There’s conflict everywhere: between individual criminals, between the police and the maffia and the cartels, between police and politicians, between agencies, between countries, inside the clergy and between government and drug users.

That latest category is maybe the book’s only omission: there’s hardly attention for the effects of drugs on addicts, recreational users and their families & friends. I’m told that’s somewhat remedied in Winslow’s two sequels.

To cut things short: this comes with the strongest possible recommendation. The Power of the Dog is literature of the highest order about the real world, and yet it reads as action adventure. Remarkable.


For a more detailed review, check out Anthony Rainone in January Magazine.

Consult the author index for all my other reviews, or my favorite lists.

Click here for an index of my non-fiction or art book reviews, and here for an index of my longer fiction reviews of a more scholarly & philosophical nature.


11 responses to “THE POWER OF THE DOG – Don Winslow (2005)

  1. Interesting. Thanks for your reviews, I am always excited to see a new post from you.

    Liked by 1 person

  2. Yeah, the war on drugs was more political oriented than anything. it was sad and such programs as DARE came from that mindset and it was an abject failure.

    I am pleasantly surprised to read that there was no bitter tone.
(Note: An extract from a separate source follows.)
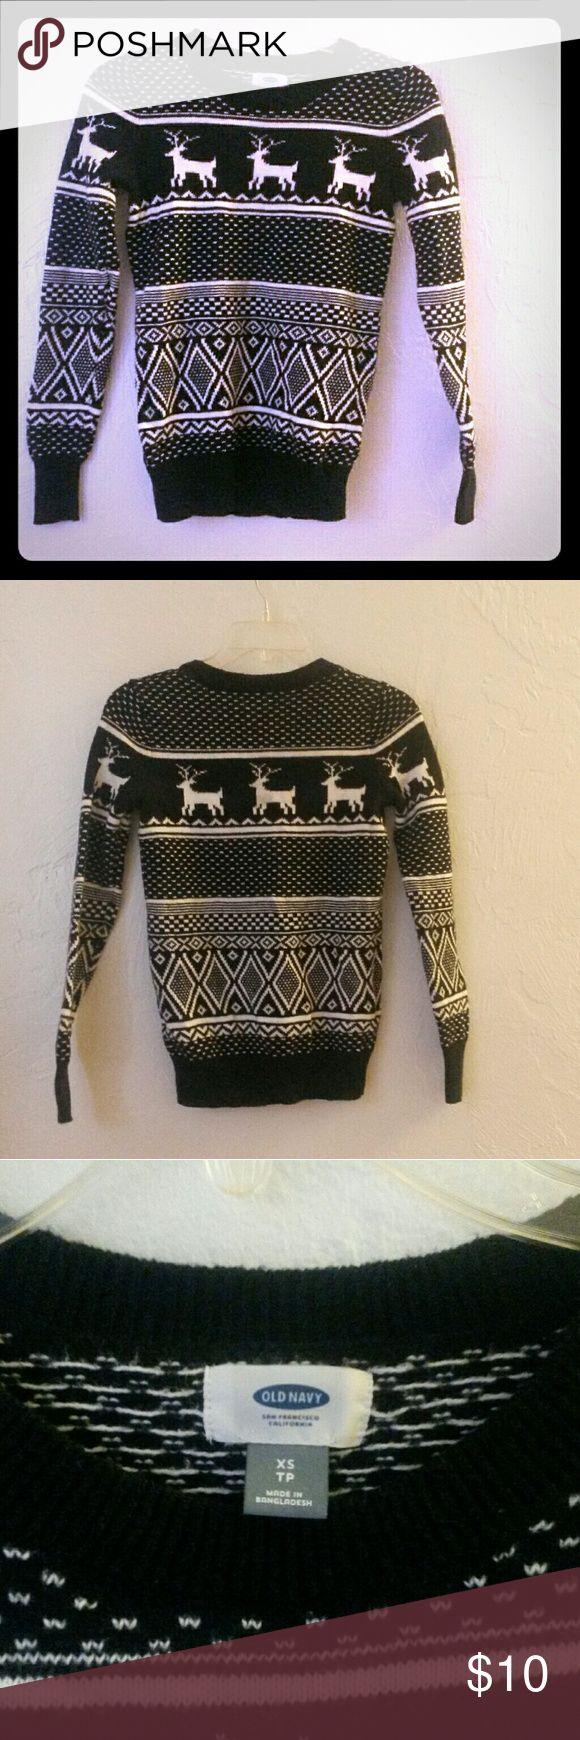 Old Navy San Francisco California Sweater Reindeer/Christmas Sweater Old Navy Sweaters

That kind of thing is SO easy to let happen and it definitely increases my respect for Winslow as an author that he could do that 😀

    Liked by 2 people

    • I didn’t know DARE. Seems I have a bit of reading to do on its Wikipedia page. Thanks for pointing that out.

      The entire issue of drugs – its ethics & its political reactions – is interesting: the way societies deal with it, the reasons why people fall to its spells. It’s a topic that ties into so much of humanity.

      It will be interesting to see if Winslow can keep away full on cynicism in the sequels.

      Liked by 1 person

  3. Couldn’t he have put a dragon in it? 😀

    Liked by 1 person

    • I’m fairly sure you’ll like this too. Very cinematic in a way, very familiar as crime in general and drug trafficking in specific is in so many movies & series. At times more violent that lots of grimdark.

      Liked by 2 people

  4. Sounds very intriguing, I’m tempted! I’ll put it on my TBR, but Bart, please, wouldn’t you read some shitty books for a change so that my TBR doesn’t grow exponentially after reading your reviews?? 🤣

    Liked by 1 person

    • I’ll see what I can do. 🙂

      A big part of my reading is a form of curating, I think I spend about a third of my reading hobby with reading about books, looking at lists, etc., etc. But even with all that energy, I still had 8 DNFs last year.

      Liked by 1 person

      • Nah, just kidding 🤣 It’s impressive that you’re finding these great books and take pleasure in reading them among everything else that happens irl. Your kids must be in that age when you need 24/7 surveillance and infinite amounts of patience, so the fact that you’re still reading and blogging on such a level is really awesome!


  5. A true crime book that – as it sounds – works as smoothly as fiction, and graced by what you describe as “smooth and conversational” writing, is certainly one I would enjoy reading, while learning something new, which is always a plus.